Eventfd with epoll BlockingIOError
jenkris at tutanota.com
jenkris at tutanota.com
Thu Nov 25 17:29:07 EST 2021
Thanks very much for your reply.
I am now getting a single event returned in Python, but it's not the right event, as I'll explain below.
I rearranged the Python code based on your comments:
#!/usr/bin/python3
import sys
import os
import select
print("Inside Python")
event_fd = int(sys.argv[3])
print("Eventfd received by Python")
print(event_fd)
event_write_value = 100
ep = select.epoll(-1)
ep.register(event_fd, select.EPOLLIN | select.EPOLLOUT )
os.set_blocking(event_fd, False)
#__________
print("Starting poll loop")
for fd_event in ep.poll():
print("Python fd_event")
print(fd_event)
fd_received = fd_event[0]
event_received = fd_event[1]
You advised to leave off select.EPOLLOUT from the line ep.register(event_fd, select.EPOLLIN | select.EPOLLOUT ) -- which makes sense because I'm not waiting for that event -- but without it both processes freeze in the for loop (below print("Starting poll loop")) so we never receive an EPOLLIN event. So I included it, and here is the screen output from gdb:
Inside Python
Eventfd received by Python
5
Everything OK in Python
Starting poll loop
Python fd_event
(5, 4)
Writing to Python
5 Received from Python
8 Writing to Python
Failed epoll_wait Bad file descriptor
5 Received from Python
8 Writing to Python
Failed epoll_wait Bad file descriptor
5 Received from Python
-1time taken 0.000629
Failed to close epoll file descriptor
Unlink_shm status: Bad file descriptor
fn() took 0.000717 seconds to execute
[Inferior 1 (process 26718) exited normally]
(gdb) q
The Python fd_event tuple is 5, 4 -- 5 is the correct file descriptor and 4 is an EPOLLOUT event, which is not what I want.

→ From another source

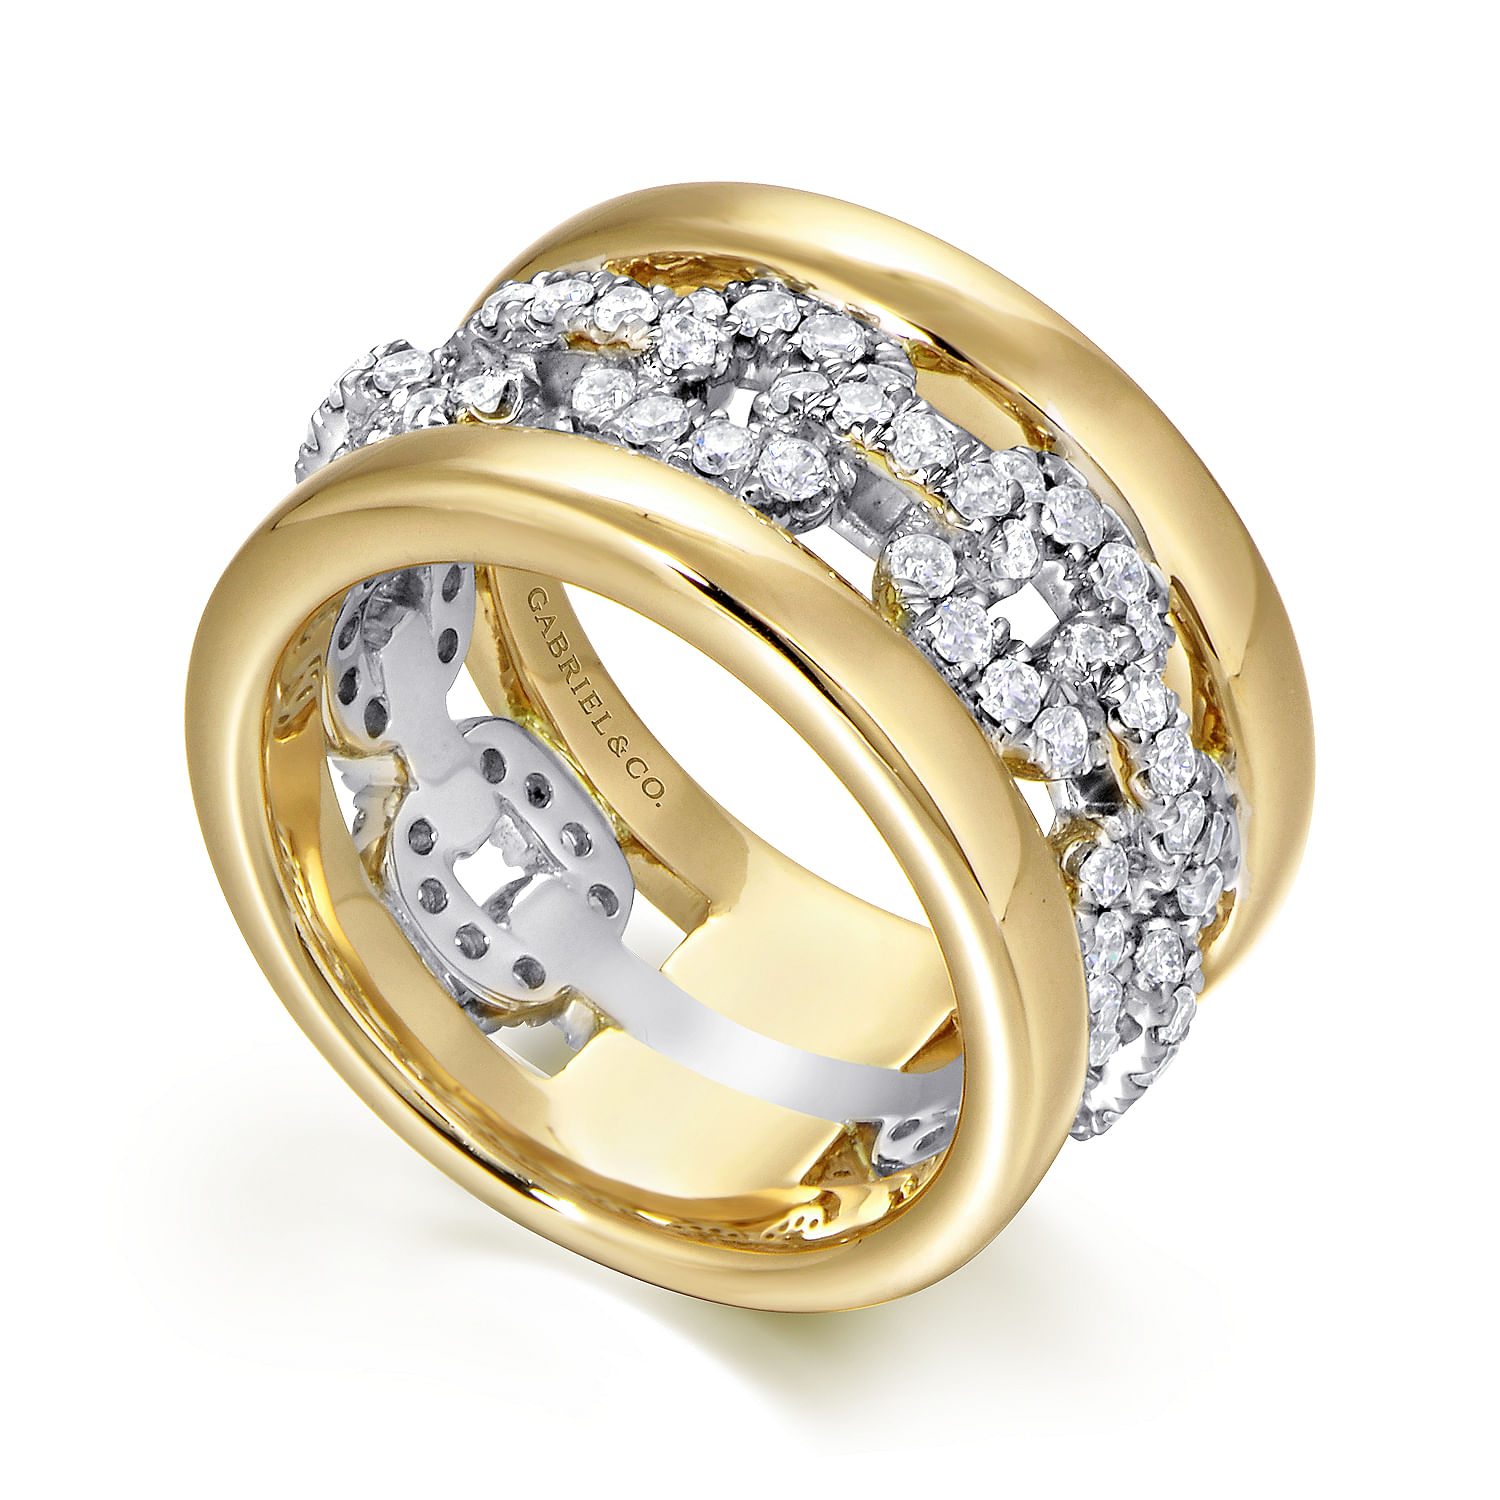 Wide 14K White and Yellow Gold Fancy Diamond Anniversary Band

The eventfd is created in C as nonblocking:
int eventfd_initialize() {
int efd = eventfd(0, EFD_NONBLOCK);
return efd; }
When C writes it calls epoll_wait:
ssize_t epoll_write(int event_fd, int epoll_fd, struct epoll_event * event_struc, int action_code)
{
int64_t ewbuf[1];
ewbuf[0] = (int64_t)action_code;
int maxevents = 1;
int timeout = -1;
fprintf(stdout, " Writing to Python \n%d", event_fd);
write(event_fd, &ewbuf, 8);
if (epoll_wait(epoll_fd, event_struc, maxevents, timeout) == -1)
{
fprintf(stderr, "Failed epoll_wait %s\n", strerror(errno));
}
ssize_t rdval = read(event_fd, &ewbuf, 8);
fprintf(stdout, " Received from Python \n%ld", rdval);
return 0;
}
The C side initializes its epoll this way:
int epoll_initialize(int efd, int64_t * output_array)
{
struct epoll_event ev = {};
int epoll_fd = epoll_create1(0);
struct epoll_event * ptr_ev = &ev;
if(epoll_fd == -1)
{
fprintf(stderr, "Failed to create epoll file descriptor\n");
return 1;
}
ev.events = EPOLLIN | EPOLLOUT;
ev.data.fd = efd; //was 0
if(epoll_ctl(epoll_fd, EPOLL_CTL_ADD, efd, &ev) == -1)
{
fprintf(stderr, "Failed to add file descriptor to epoll\n");
close(epoll_fd);
return 1;
}
output_array[0] = epoll_fd;
output_array[1] = (int64_t)ptr_ev; //&ev;
return 0;
}
Technically C is not waiting for an EPOLLIN event, but again without it both processes freeze unless either C or Python includes both events. So that appears to be where the problem is.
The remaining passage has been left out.